I often wrongly assume that everybody I speak to will know who Ruby Tandoh is. Do you ever do that? Love and respect somebody you’ve never met so much that you imagine everybody else in the country must feel the same way about her?

I’ve confused friends, family, unsuspecting colleagues and strangers in the street by yammering on about Ruby without first giving her context, because I’m so used to her that I forget she might sometimes need it.

I’m trying to work on that, and so will remind you at this point that Ruby Tandoh first came into the public eye as a contestant on the Great British Bake Off. Back in its BBC glory days, Ruby didn’t win but came pretty damn close and had me (and my Mum, if I remember correctly) fall a bit in love with her in the process.

She’s since turned out to be a bit of a legend, all in all. Her social media presence has a huge focus on mental health and the importance of looking after it – she even released a zine to that effect called Do What You Want – and she’s not afraid of going against the grain in this new world of food writing that’s so focused on ‘health’ and ‘wellness’. She’s bringing the love and the joy back into eating, and she doesn’t care who knows it.

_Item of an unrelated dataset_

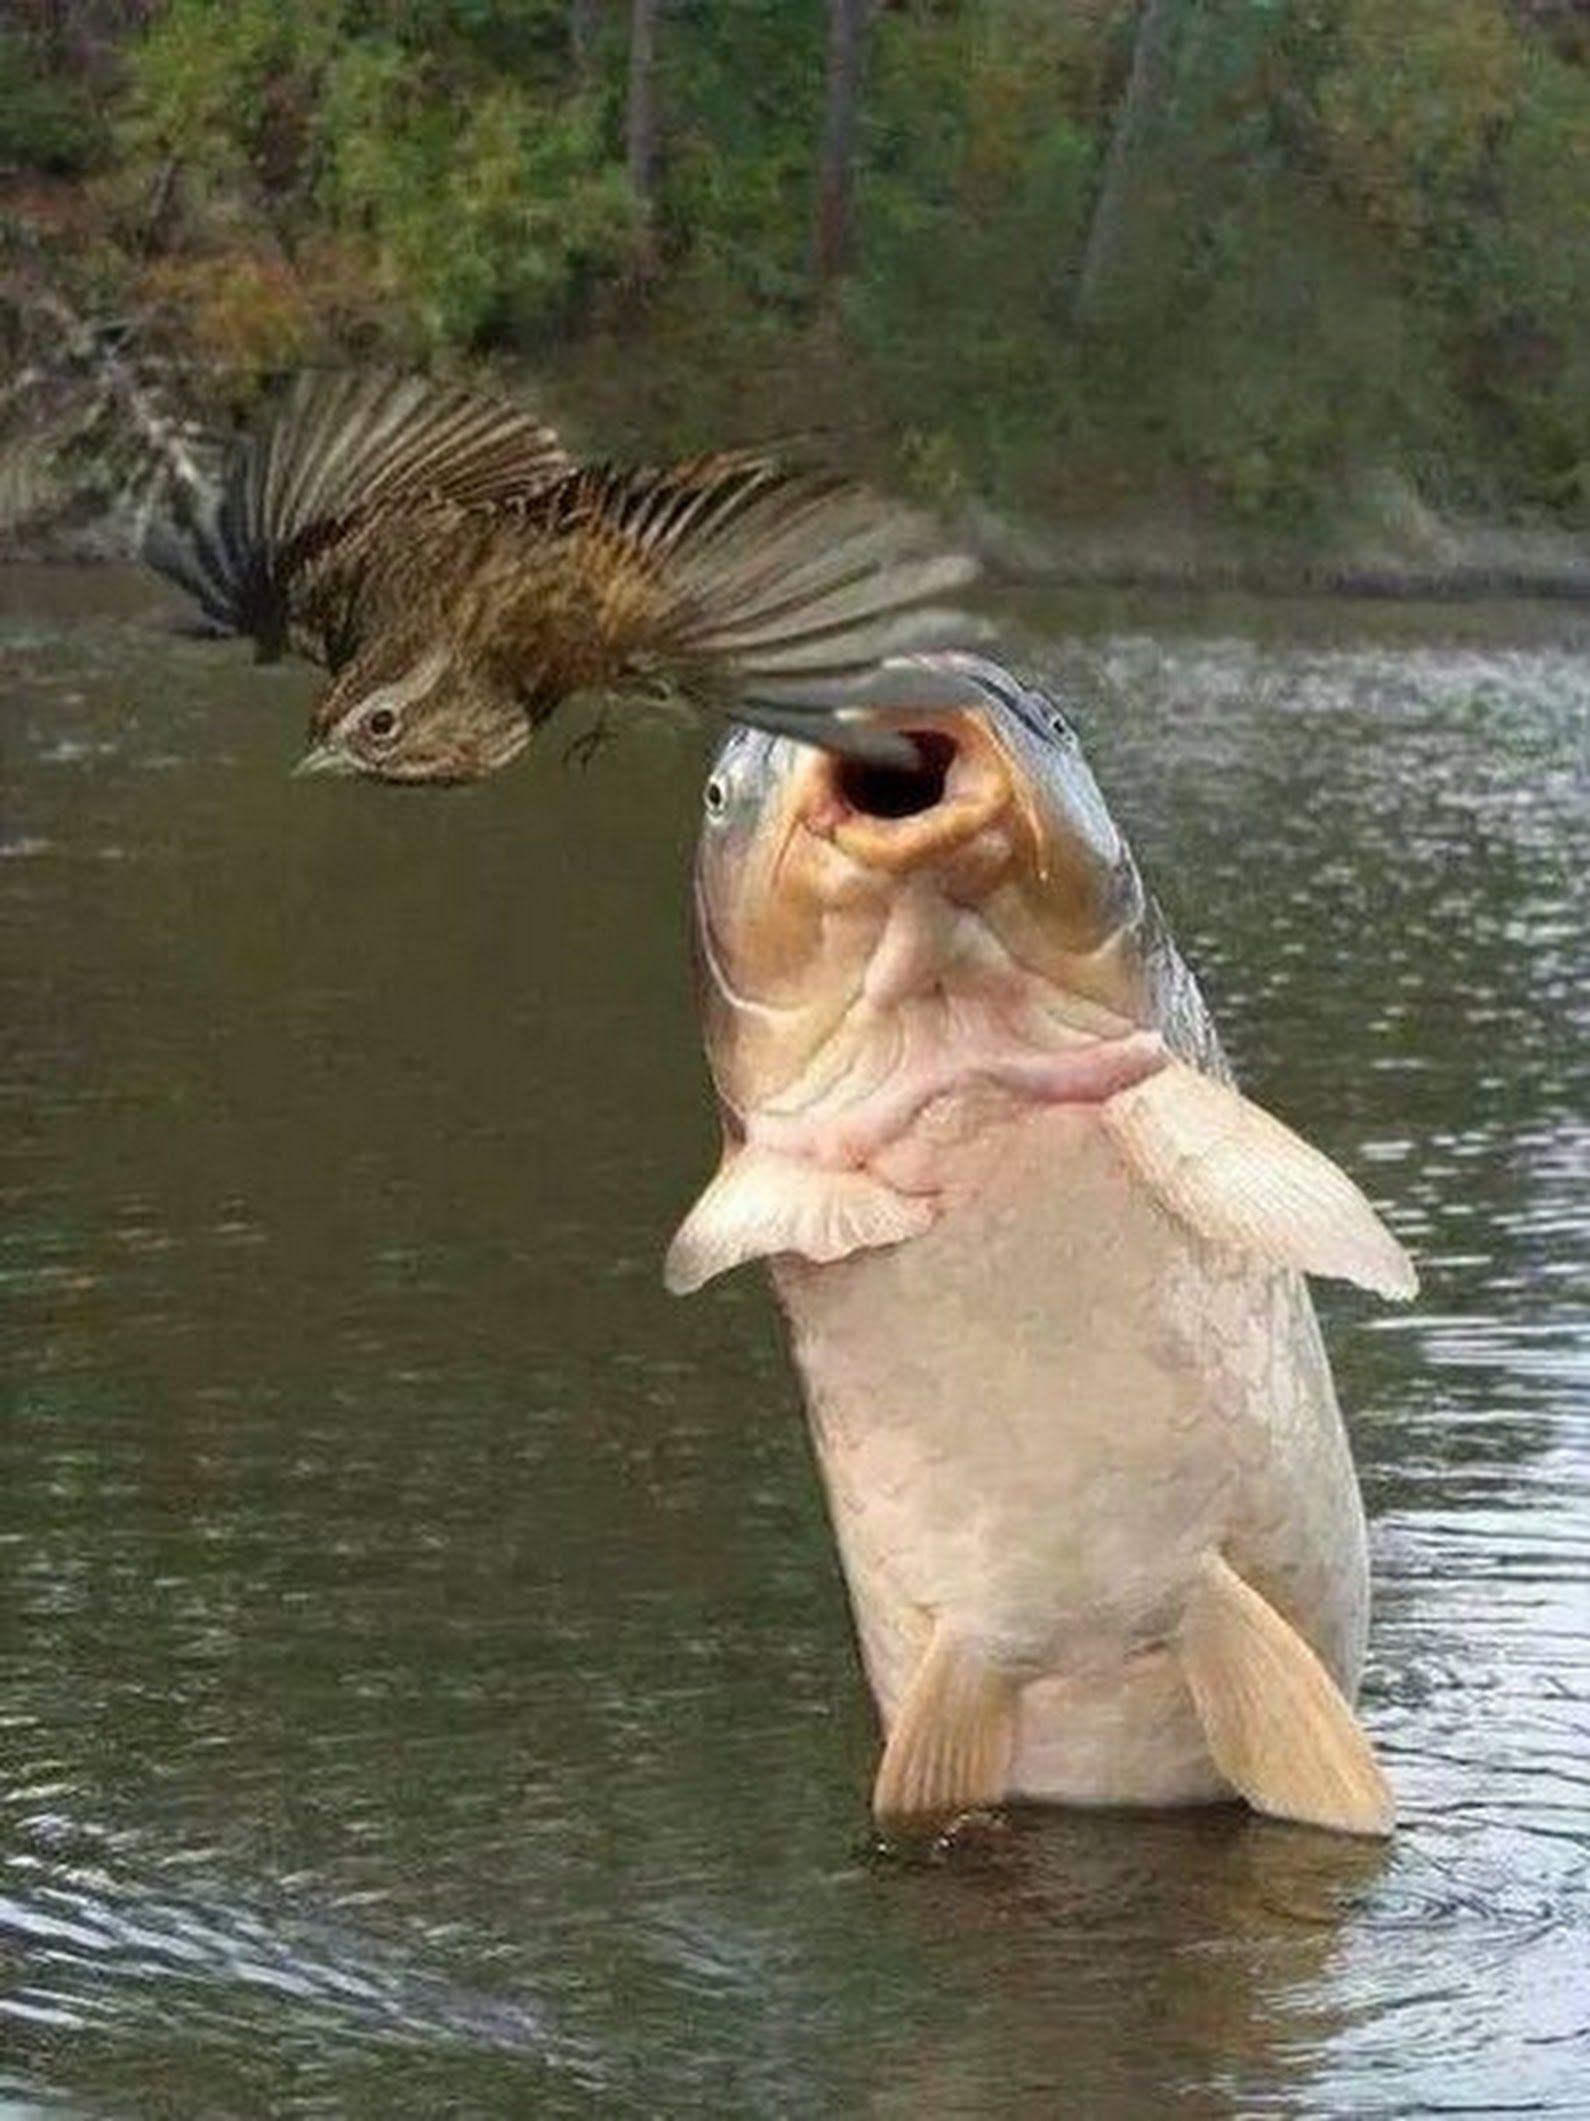 те, приколы фото с рыбой сбитое тело птицы

Ruby’s published three books (she’s 25, by the way) and the title before this one, Flavour: Eat What You Love, was a mainstay in my kitchen for a while after it came out. Eat Up is the first of Ruby’s books that isn’t really a recipe book at all. It contains a smattering of recipes every few chapters, but that’s not what this one’s for..

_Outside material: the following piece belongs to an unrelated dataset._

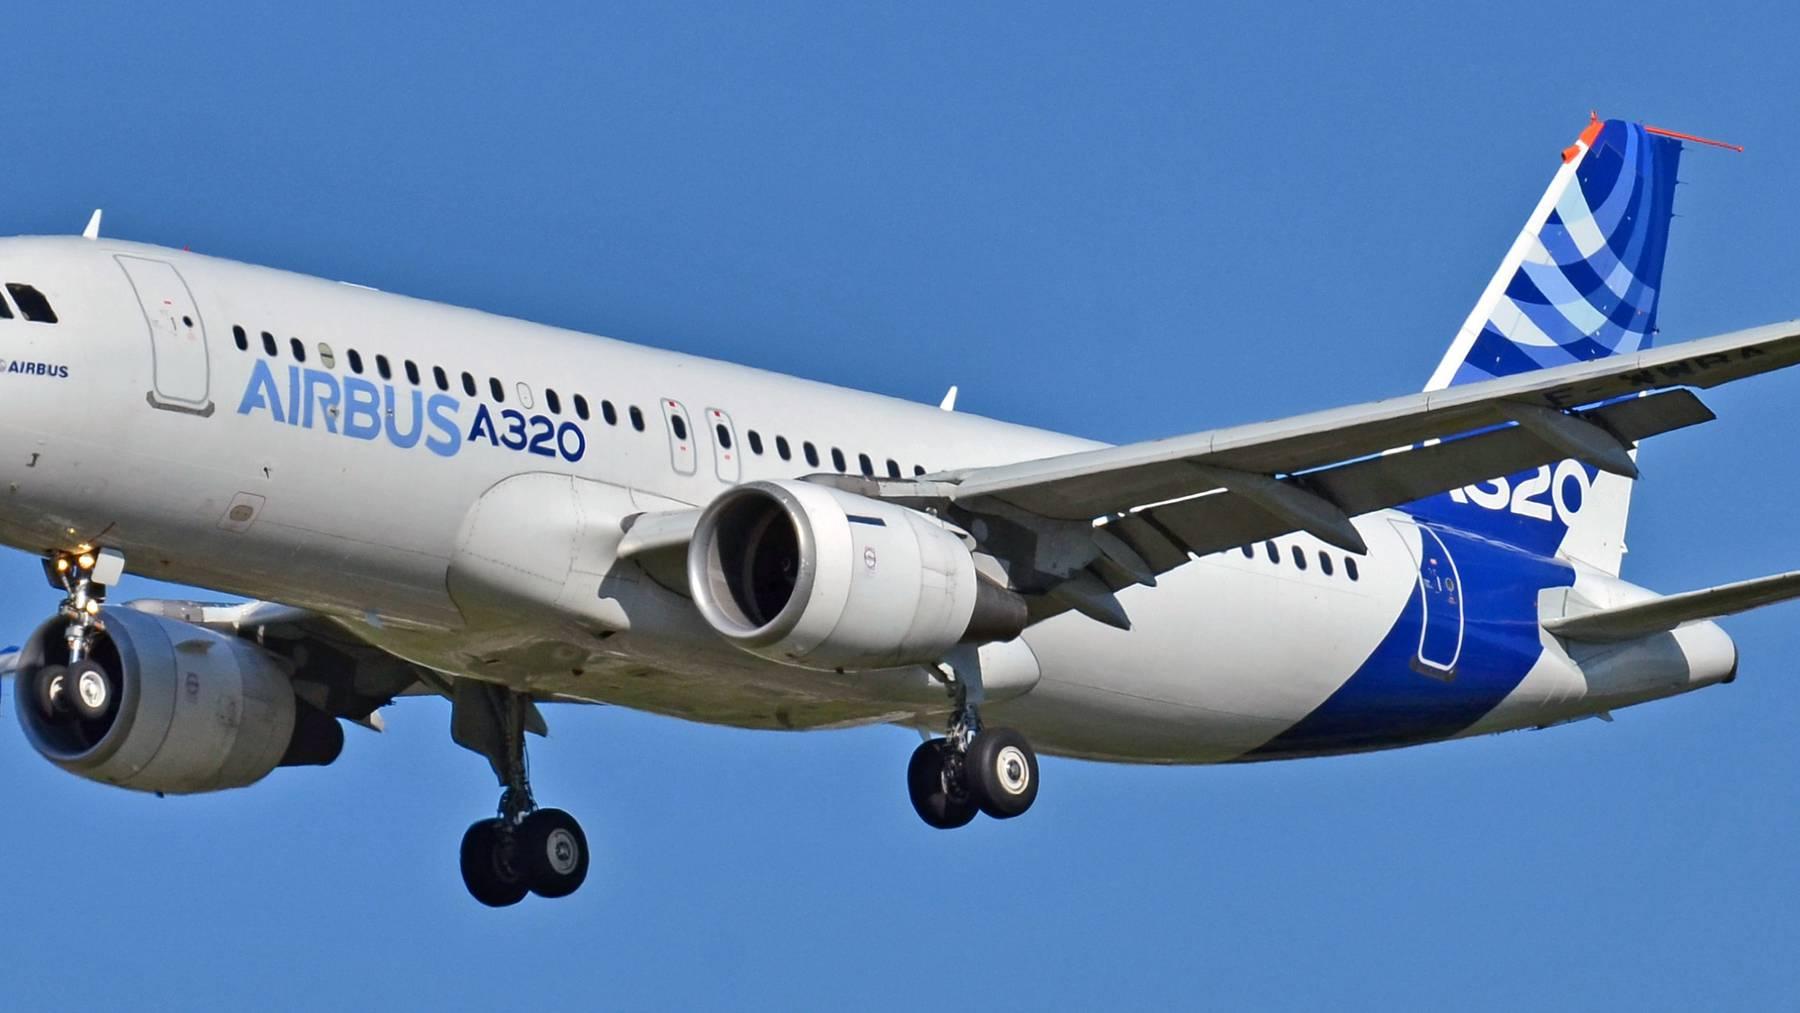 Ruag beliefert weiterhin Airbus

Eat Up by Ruby Tandoh Review

I don’t know how best to describe Eat Up. I loathe to say it, but to me it ended up taking the shape of a self help book. It was a great big long love letter to food and an unabashed ‘fuck you’ to the individuals and corporations that have historically and do currently profit from making us feel shit about what we do or don’t eat.

It made me examine prejudices that I’ve internalised from years of trying to fit in with the big name food people on the internet. It gave me permission to take pride and joy in what I cook and eat despite the fact that it comes not from the fanciest of farmers markets but from the Super 6 section at ALDI on London Road.

Several times, it felt quite simply as though Ruby was reaching out to me through the pages, grabbing my hand, looking me dead in the eye and saying “you can eat whatever the fuck you like, you know – and enjoy it, too”.

Eat Up by Ruby Tandoh Review

Ruby calls people out – by name, even – for their damaging behaviour in the food world. The Deliciously Ellas, the Tom Kerridges (much as I hate to admit it, he too is guilty of pedalling diets), the Belle Gibsons. She comes for diet culture and she wins with her hands behind her back.

McDonald’s and supermarkets and other food institutions that are absolutely flawed but used by the average person are, of course, discussed. Rationally, calmly, reasonably, and most importantly of all in a way that doesn’t vilify us for enjoying the value of a cheeseburger and the convenience of a superstore.

This book is going to take you on a guided tour of every shitty element of the way we talk about food and smooth it out, unpack it, gently reverse its grip on your mind – but it’s not going to stop there. It’s going to make you fall in love with food (all of it) all over again.

That’s not something I even realised I needed to do until I’d read this book. I thought I – super chill and laid back eat whatever you want person – was immune to the messaging we’re continually bombarded with about what’s good (see also: nourishing, clean, pure) to eat and what we mustn’t eat. But it must have been niggling at me somewhere because by the last page, a load had been taken off.

Eat Up has given me so much. I’ve truly begun to enjoy food even more, and with reckless abandon. It’s allowed me to romanticise and appreciate the food I actually do eat all the more, not the food I think I should probably be eating.

If you’ve ever lost your appetite thanks to an article you’ve read, an Instagram post you’ve absentmindedly digested or a wellness craze your mate told you about, this book is for you.

You can buy Eat Up on Amazon, but I’d recommend checking out Hive as an alternative if you’re able to part with an extra quid, because they’re a really cool bookseller that supports local bookshops.